OP: O cinema de horror vive um bom momento? Qual a era de ouro dos filmes de terror?
Primati: Por alguns filmes que citei anteriormente, podemos dizer que ainda tem muita coisa boa surgindo. Mas no geral, é um mercado acomodado com franquias consagradas, refilmagens etc. O horror, como gênero cinematográfico, teve alguns ciclos importantes: o primeiro foi na década de 1930, com o lançamento de Drácula e Frankenstein, que consagraram os primeiros ídolos do gênero, Bela Lugosi e Boris Karloff. Depois o gênero teve outros bons momentos quando Alfred Hitchcock fez Psicose, praticamente inventando o horror moderno, e mais tarde quando O Exorcista transformou o horror num gênero lucrativo, chegando a ser indicado ao Oscar nas principais categorias.
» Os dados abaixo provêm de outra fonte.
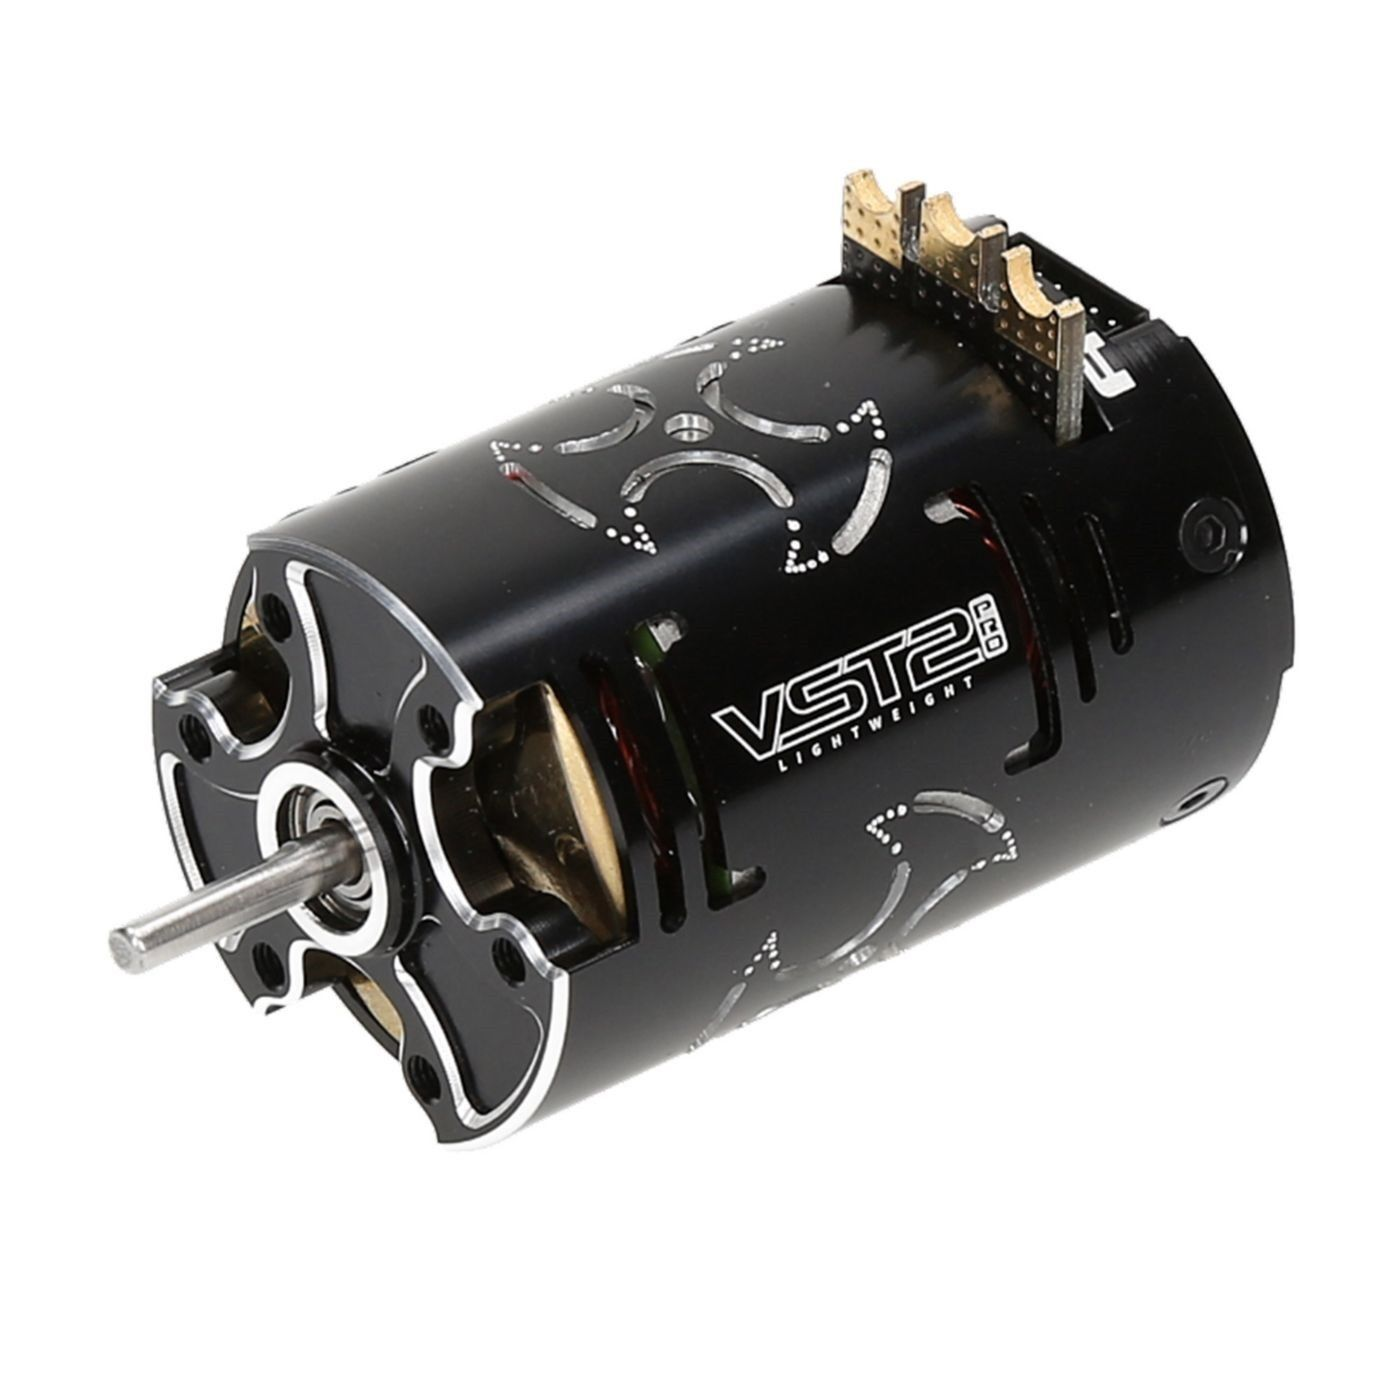 Orion Vortex VST2 Pro XLW Brushless Motor, 6.5T - ORI28322

O horror continuou tendo momentos de altos e baixos, mas voltou a ser popular com O Silêncio dos Inocentes (pouco depois Francis Ford Coppola fez sua versão de Drácula e Kenneth Branagh fez Frankenstein), e mais importante ainda, quando Wes Craven deu voz às mulheres em sua saga de slasher pós-moderno revisionário Pânico, nos anos 1990, que atraiu um público muito mais amplo para o gênero, ao ponto de ainda hoje sentirmos as consequências dessa popularização do filme de horror.
OP: Você ministra cursos sobre cinema de horror e sobre a obra do Hitchcock. Quem é o público dessas oficinas? O que essas pessoas buscam?
Primati: Sim, tenho vários cursos sobre cinema fantástico, indo desde o Expressionismo Alemão até a Ficção Científica, inclusive sobre a produção de cinema fantástico no Brasil. O público é o mais amplo possível, desde meros apreciadores de filmes que querem entender um pouco melhor e aumentarem seu repertório neste assunto, quanto estudantes de cinema que ou querem ser cineastas, ou teóricos sobre a arte cinematográfica. Até hoje só tive experiências maravilhosas com os meus cursos, sempre conhecendo gente nova e interessada em pensar o cinema, o que sempre renova minha esperança em que esse tema jamais deixe de ser discutido de maneira divertida e inteligente.